The ballistics report also contained an enhanced photo of the gun. Though much of the weapon was hidden in the gloved grip of the shooter, the sheriff’s firearms experts had identified it as a Heckler amp; Koch P7, a nine-millimeter pistol with a four-inch barrel and nickel finish.

The weapon identification was a curiosity to McCaleb. The HK P7 was a fairly expensive weapon, about a thousand dollars on the legitimate market, and not the kind of weapon normally seen in street crimes. He guessed that Jaye Winston must have assumed that the gun itself had to have been taken earlier in a robbery or burglary. McCaleb looked through the remaining supplemental reports and sure enough Winston had pulled crime reports from across the county in which an HK P7 of matching description had been reported stolen. It did not appear that she had taken the lead much further than that. It was true that many gun thefts went unreported because the people who lost the weapons shouldn’t have had them in the first place. But as Winston had undoubtedly done before, McCaleb scanned the list of reported thefts-only five in the last two years-to see if any names or addresses turned a switch. None did. All five of the burglaries Winston had collected were open cases with no suspects. It was a dead end.
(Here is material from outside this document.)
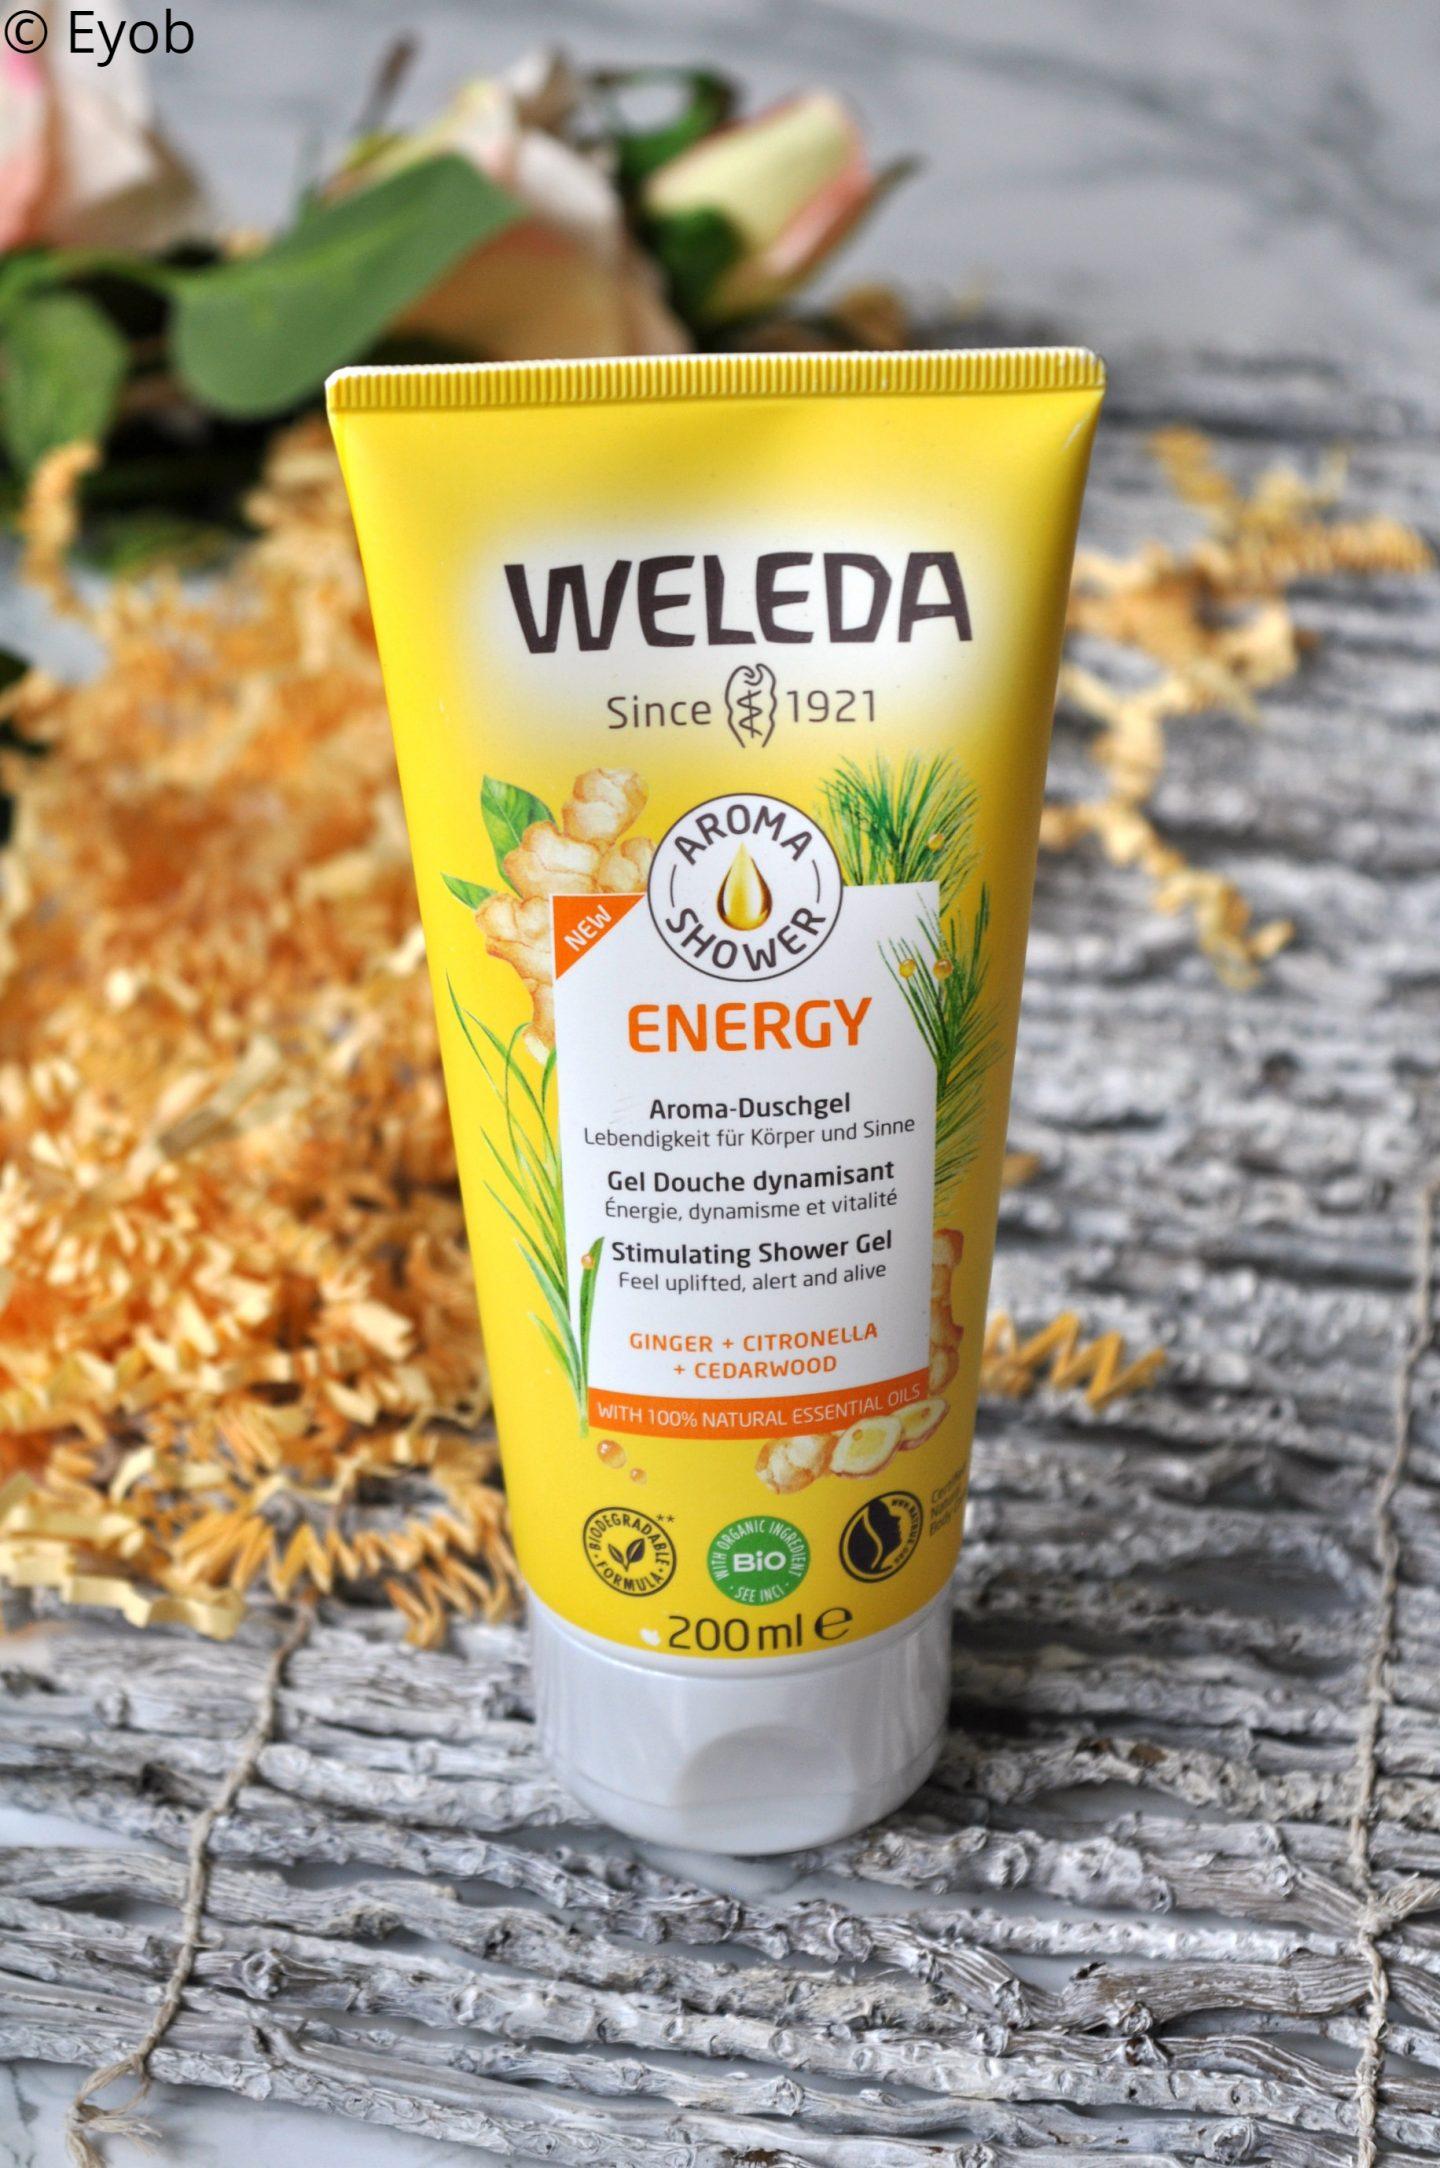 Weleda Energy Aroma Douchegel – Review

After the burglary list was a report detailing all thefts of black Grand Cherokees in the county during the last year. Winston had apparently believed the shooter’s car was also a contradiction-a high-line vehicle used in an economically low-line crime. McCaleb thought it was a good jump to consider the car was probably stolen. There were twenty-four Cherokees on the list but no other reports indicating any follow-up. Maybe, he considered, Winston had simply changed her mind after connecting her shooting to the Torres case. The Good Samaritan had described a getaway vehicle from the market shooting that could be a Cherokee. Since that indicated the shooter had not gotten rid of it, it possibly hadn’t been stolen after all.

The autopsy protocol was next and McCaleb flipped through the pages quickly. He knew from experience that ninety percent of any autopsy report was dedicated to the minute description of the procedure, identifying the characteristics of the victim’s interior organs and state of health at the time of death. Most of the time it was only the summary that was important to McCaleb. But in the Cordell case even that part of the autopsy was irrelevant because it was obvious. He found the summary anyway and nodded as he read what he already knew. Massive brain damage had led to Cordell’s death within minutes of the shooting.

He put the autopsy report aside. The next stack of reports dealt with Winston’s three-strike theory. Believing the shooter was an ex-convict facing life without parole for another conviction, Winston had gone to the state parole offices in Van Nuys and Lancaster and pulled files on paroled armed robbers who were Caucasian and had two prior felony convictions on their records. These were people facing third-strike penalties if arrested again under the new law. There were seventy-one of them assigned to the two parole offices geographically nearest the two robbery-shootings.